Can the collagen to replace other types of protein supplements?

It is important to remember that collagen is not a complete protein, meaning it contains all nine essential amino acids. The collagen is missing in essential amino acid tryptophan. Collagen contains a large number of such amino acids as glycine, Proline, hydroxyproline and hydroxylysine. Glycine is a major structural component of collagen, has anti-inflammatory properties. This is another possible advantage of the supplements with collagen content.
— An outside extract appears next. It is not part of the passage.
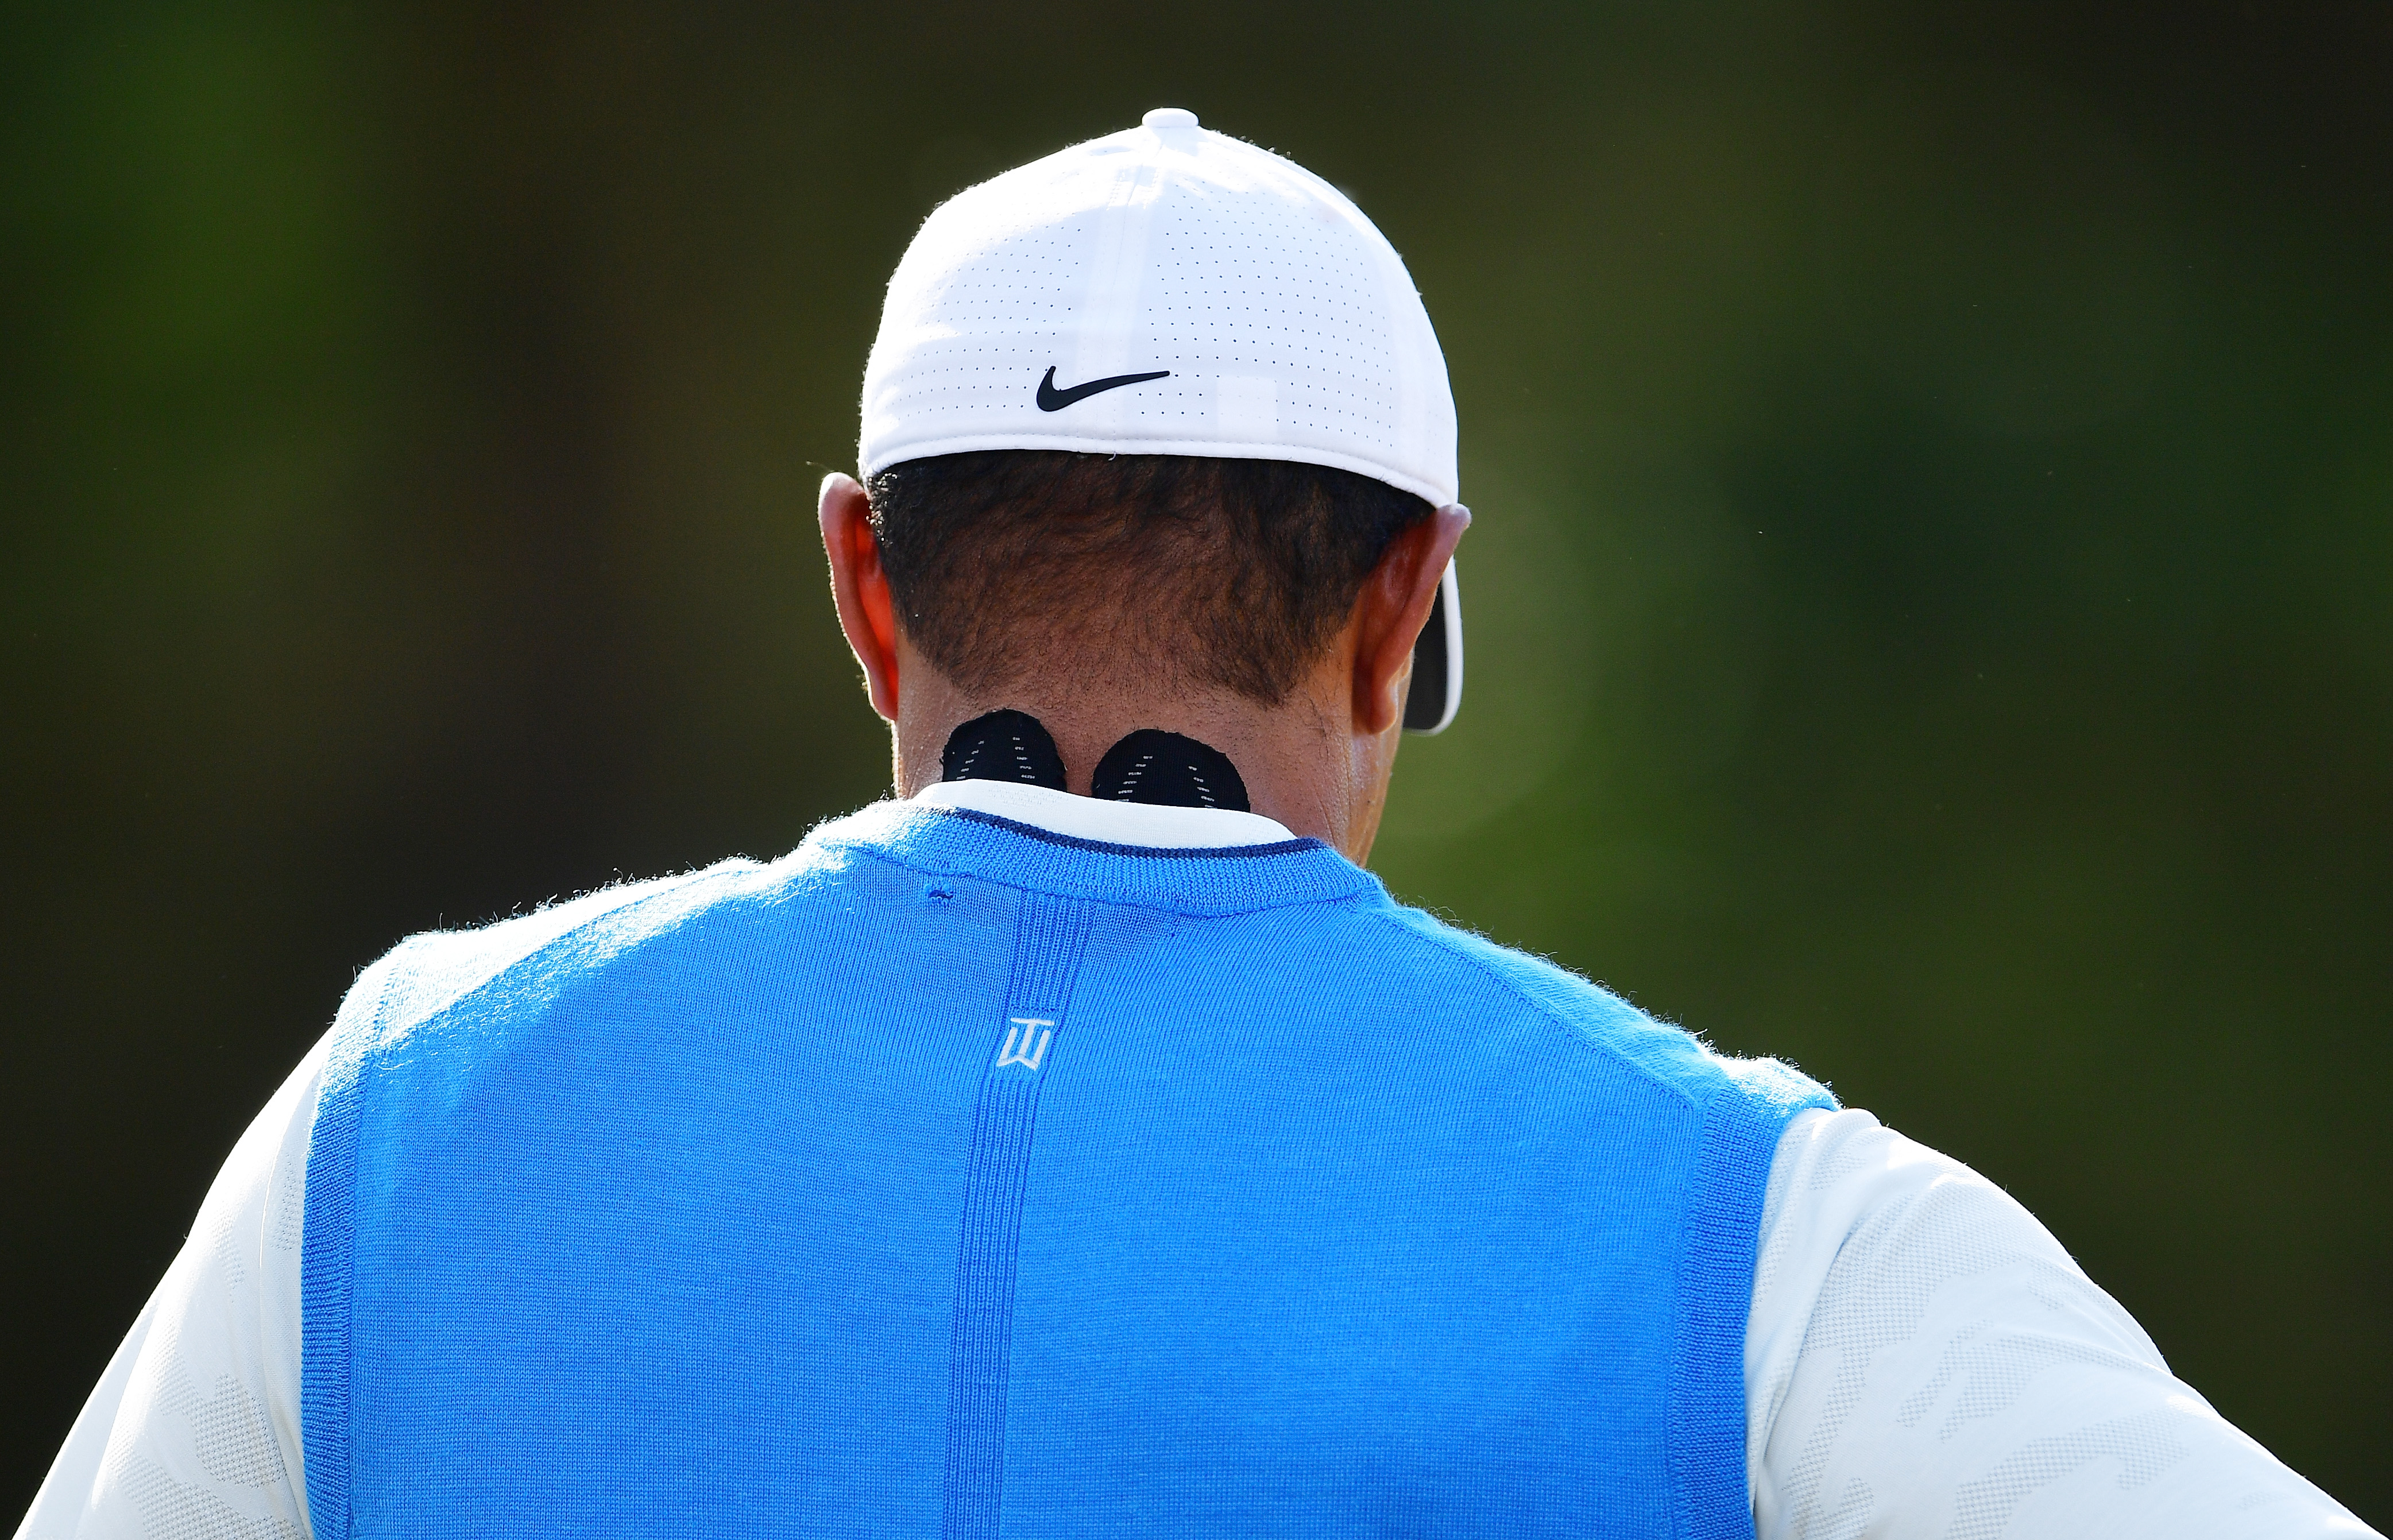 Here's the real reason Tiger Woods has tape on his neck at The Open

Is it possible to replace your post-workout complex with collagen?

Post-workout complex should consist of three components:

  • Proteins help rebuild muscles.
  • The carbs to replenish glycogen stores in the muscles and stimulate the recovery process.
  • Electrolytes to replenish losses during training.

The inclusion of collagen in post-workout complex can have a positive impact on muscle and connective tissue, including bone, tendons, and ligaments. In many post-workout complexes lacking any of these essential recovery ingredients, so collagen can be a great alternative or additive to them.

If your post-workout complex contains no protein, it is likely that it will be useful to add collagen. If you want to replace your post-workout complex with collagen, try to mix whey or any other protein containing a sufficient amount of all nine essential amino acids, and collagen to get more complete protein. There are ready-made mixture consisting of whey protein and collagen. In most cases, collagen can not be a full replacement for the traditional post-workout complex, but it can strengthen it.

Sources:

  • https://www.ncbi.nlm.nih.gov/pubmed/26353786
  • https://www.ncbi.nlm.nih.gov/pubmed/19465192
  • https://www.ncbi.nlm.nih.gov/pubmed/28177710
  • https://www.ncbi.nlm.nih.gov/pmc/articles/PMC4940902
  • https://www.ncbi.nlm.nih.gov/pmc/articles/PMC5183725
  • https://www.ncbi.nlm.nih.gov/pmc/articles/PMC5183735
  • This article was written by Katie Kissane (MS, RD, CSSD), a certified nutritionist and specialist in sports nutrition with extensive experience in the field of nutrition, including diet for diabetes, allergies/food intolerances and eating disorders. Katie received a bachelor’s degree in kinesiology at the University of Colorado and a master’s degree in science of nutrition at the University of Colorado. Kathy is the owner of NoCo Sports Nutrition and works with many athletes, including youth athletes, collegiate and professional athletes. She is currently included in the register of dieticians of the United state Olympic Committee. As an athlete, she has a unique understanding of the many issues facing athletes.